Kendilerinin tarihlerinde utanacakları bir durumun söz konusu olmadığını belirten Şentop, "Gazetelerde yer alan haberlere göre ABD'de geçtiğimiz yıl kongrede temsilciler meclisinin almış olduğu kararlara benzer şekilde ifadede bulunacağına dair Amerikan yönetiminin de tırnak içinde 'soykırım' konusunda haberler yer alıyor.

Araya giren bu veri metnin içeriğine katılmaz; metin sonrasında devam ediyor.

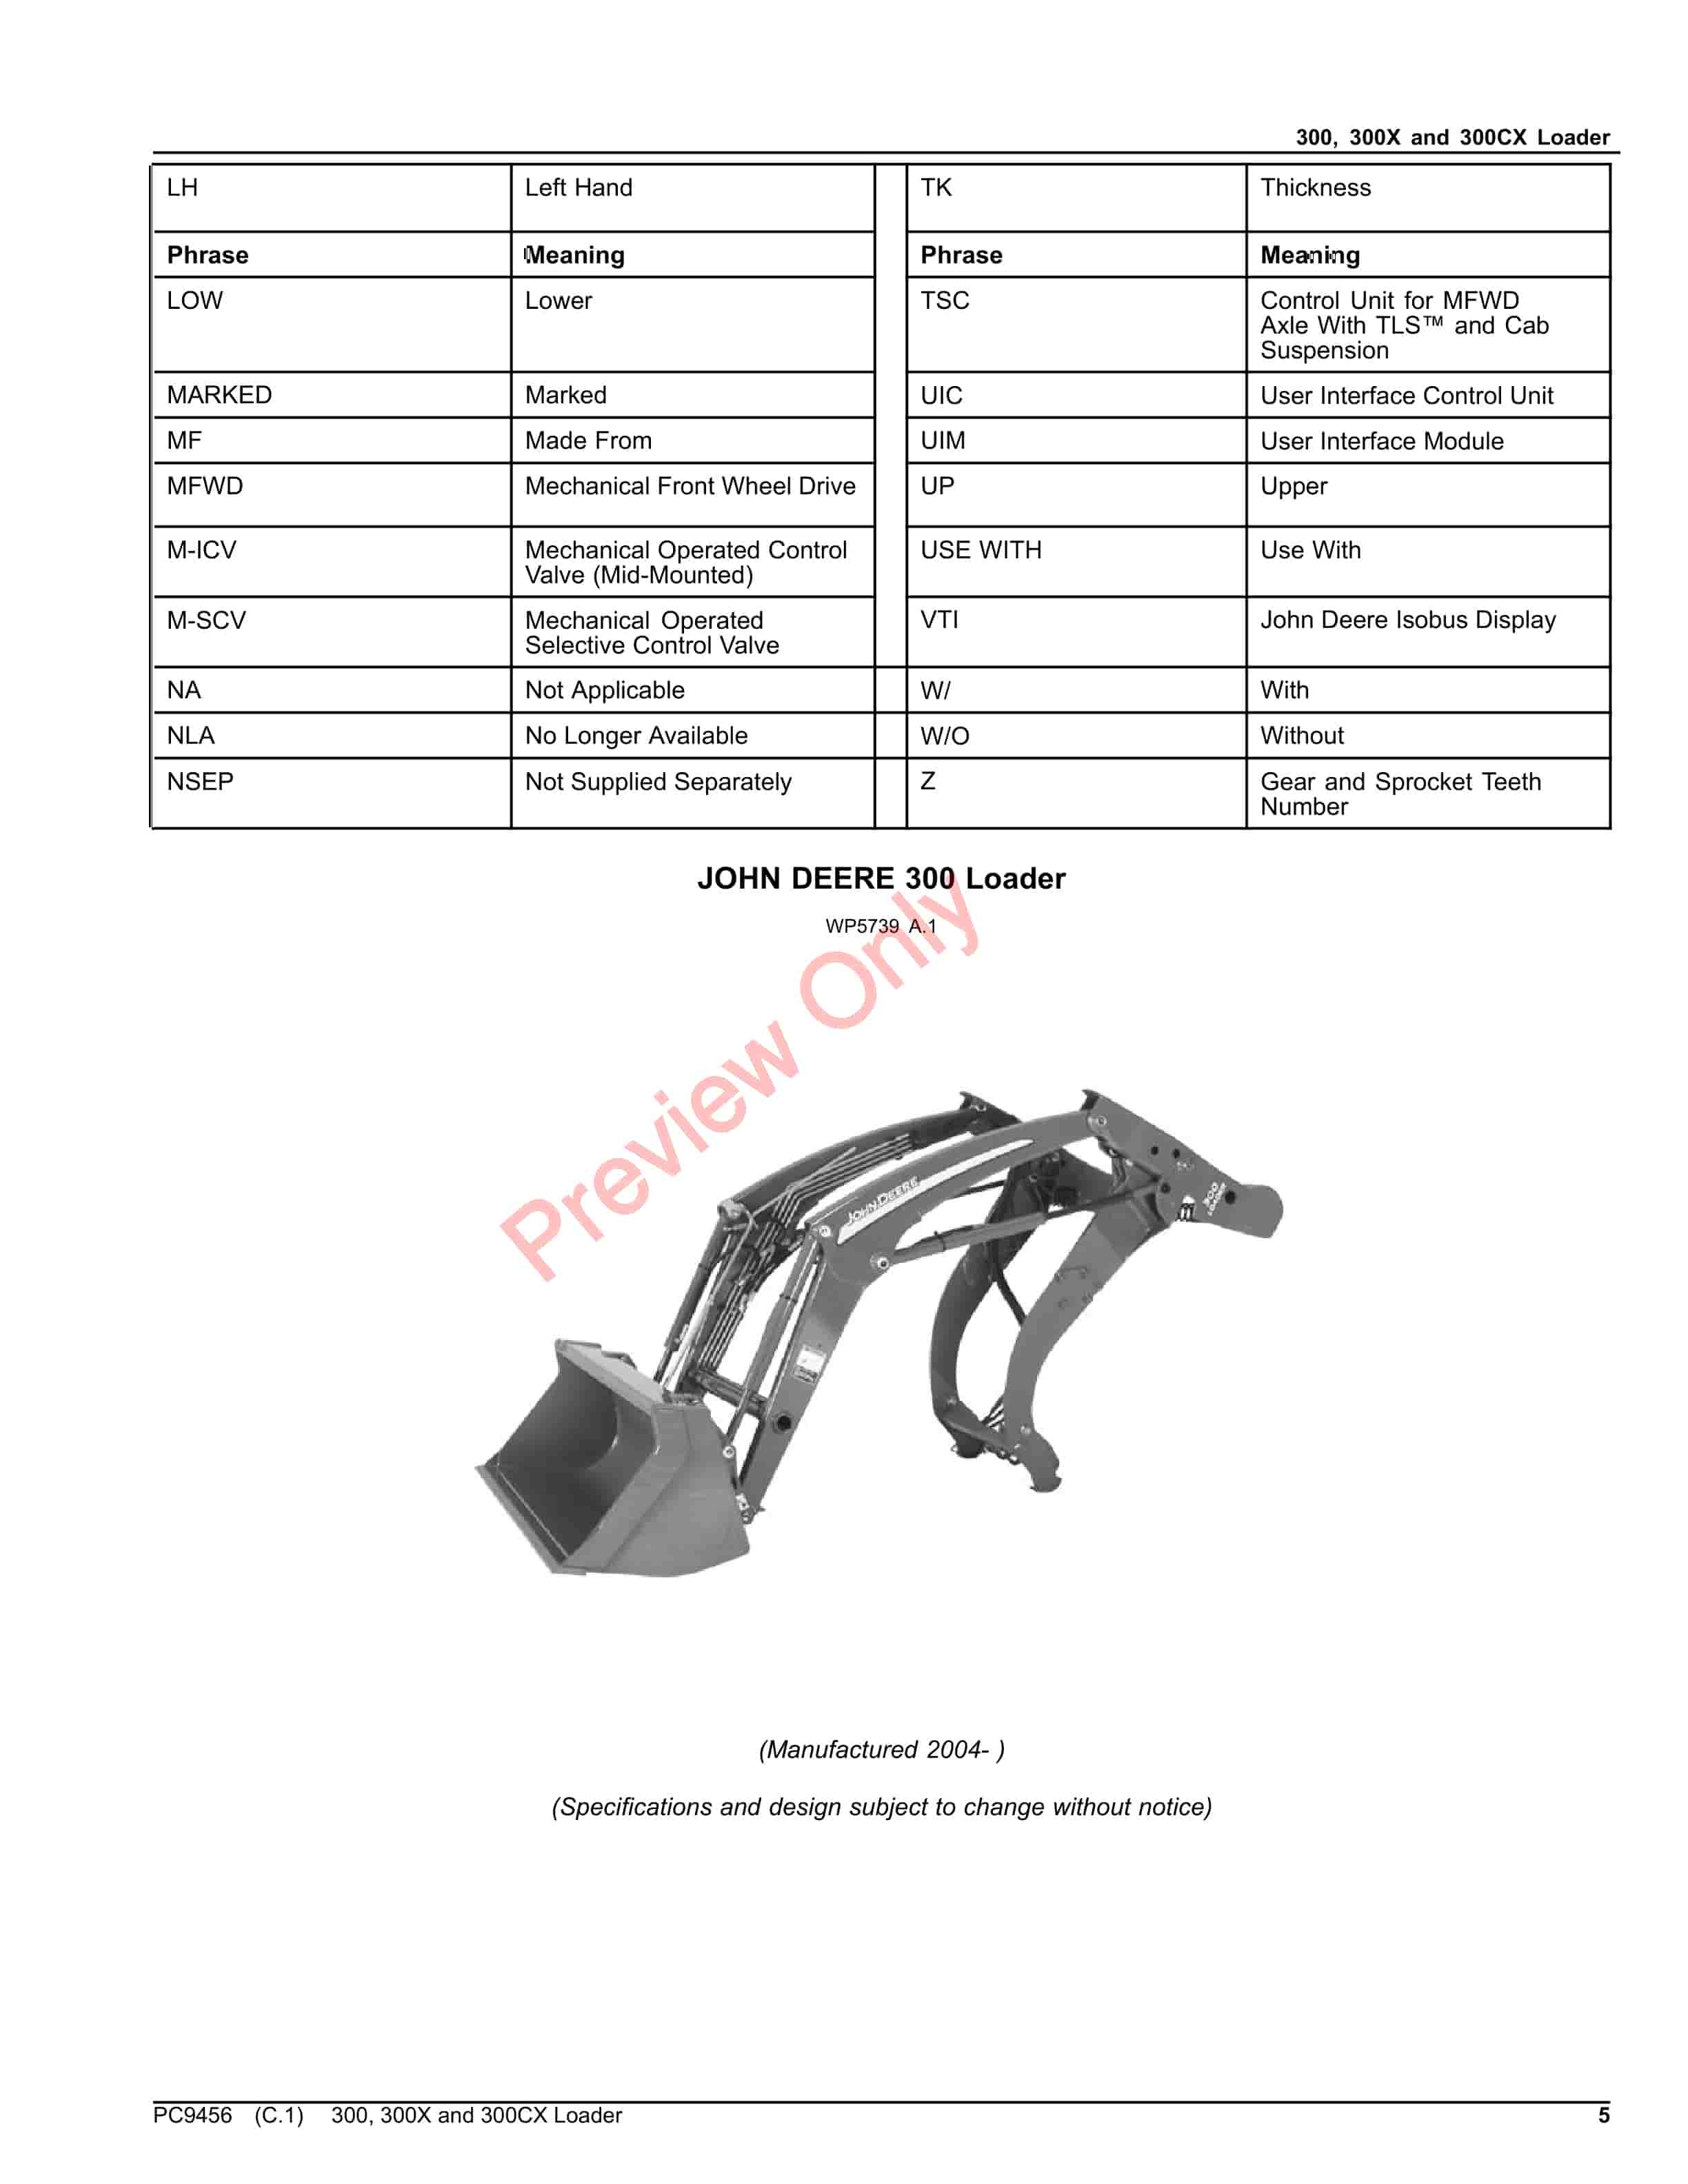 John Deere 300, 300X and 300CX Loader Parts Catalog PC9456 13OCT22-5

Tamamen siyasi bir karar olduğunu söylemeliyim" diye konuştu.
‘BU AÇIKLAMALARIN TÜRKİYE’YE ZARARI OLMAZ’
ABD’li senatörlerin veya temsilciler meclisi üyesinin 1915 olayları hakkında kırıntı bilgiye dahi sahip olmadığını kaydeden Şentop, "En son 1981'de Başkan Reagan bu ifadeyi kullanarak bir açıklama yapıştı. O tarihten bu yana Amerikan başkanları soykırım ifadesini kullanmadan açıklamalar yapıyorlardı. Yeni Başkanın veya yeni yönetimin o konuda önemli arşiv çalışmaları yapıp da yeni belgelere ulaşıp da bir fikir değişikliğine sahip olduğuna inanan kimse yoktur. Hiçbir bakımdan hiçbir ülkeye hiçbir topluma ve tarihe bir katkısı olmadığını bir zararı da olmayacağını ifade etmek istiyorum. Türkiye bu tür açıklamalardan bir zarar görmüş müdür, dünyada farklı ülke parlamentolarında böyle kararlar alınmıştır; Türkiye bir zarar görmemiştir. 1981'de Reagan böyle bir açıklama yapmıştır, o tarihten bu yana Türkiye hangi zarar görmüştür?" dedi.
'BU KONUDA EN KİRLİ TARİHE SAHİP ÜLKE ABD'
Tarihe ait konunun tarihçiler ve akademisyenler tarafından tartışılması gerektiğini söyleyen Şentop, bu açıklamaların kimseye fayda da sağlamayacağını söyledi. Biden’in 'soykırım' demesi halinde Türkiye’nin ne yapacağının sorulması üzerine Şentop, "Böyle bir açıklama sadece siyasi bir açıklama olarak kalacaktır. Ama sonu itibarıyla iki ülke arasındaki ilişkileri olumsuz etkileyeceğini ifade de etmek isterim. ABD, tarihi konuları siyasi kararlarla ortaya koyacaksa Türkiye’nin de ABD’nin tarihine dair bir yasama dönemini tümünü kapsayacak kararları alacak vakti vardır. Bu konuda en kirli tarihe sahip olan ülkelerden biri de ABD’dir" diye konuştu.